Gradé SFL : Maggiore Fulceschini, mes respects mon lieutenant, je vous prie de m'indiquer ce que vous faites dans la zone ?
Réserviste : Mes respects, Maggiore, Sottotenente Lezzini, j'ai une ordonnance des Services Provinciaux, comme quoi les Sénateurs doivent être libérés.
Gradé SFL : Impossible, Sottotenente, nous prenons nos ordres de Cartagina. Qu'en disent vos supérieurs de rang ?
Réserviste : J'ai également une ordonnance des Services Provinciaux, comme quoi la Réserve ne dépend plus des rangs réguliers.
Gradé SFL : Retournez aux casernes, ne suivez que le commandement militaire, les ordres tentant de le contourner sont l'émanation des rebelles.
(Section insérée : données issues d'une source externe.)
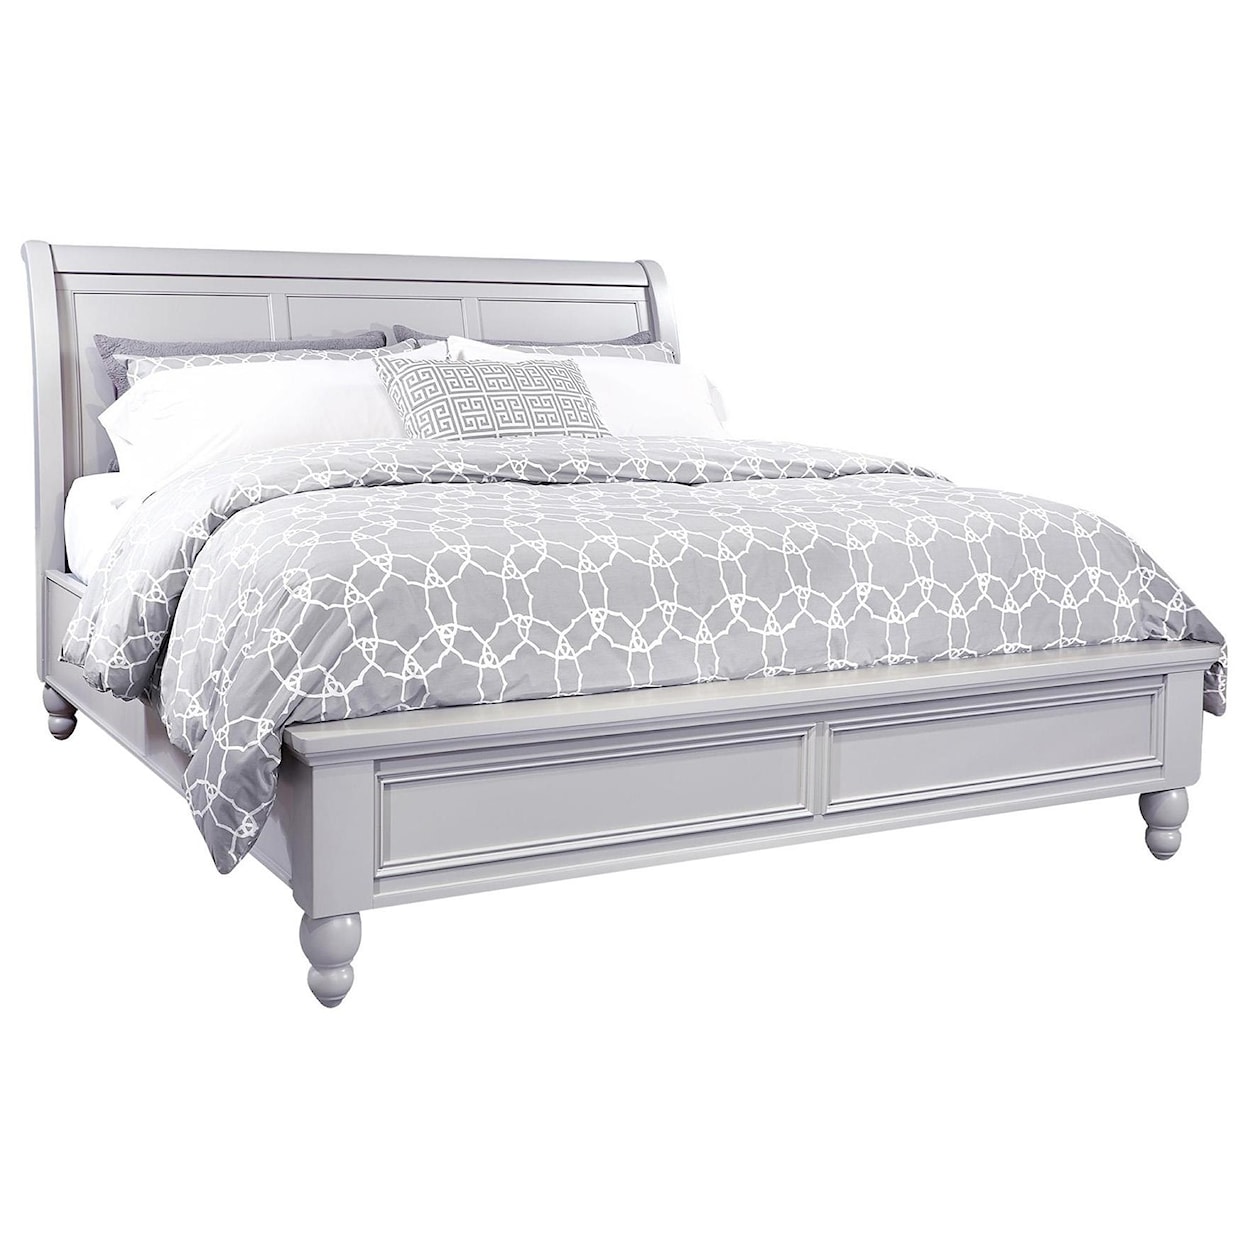 Aspenhome Cambridge CHY King Sleigh Bed

Je devrais vous faire arrêter pour désertion à cette heure.
Le lieutenant de réserve replie son papier, l'air déçu et préoccupé.
Gradé SFL : Retournez à votre caserne d'affectation avec ces hommes, ne répondez plus aux ordres civils, ce n'en sont pas. Le rang vous communiquera toute la marche à suivre.
Réserviste : Bien, mes respects Maggiore, bonne journée.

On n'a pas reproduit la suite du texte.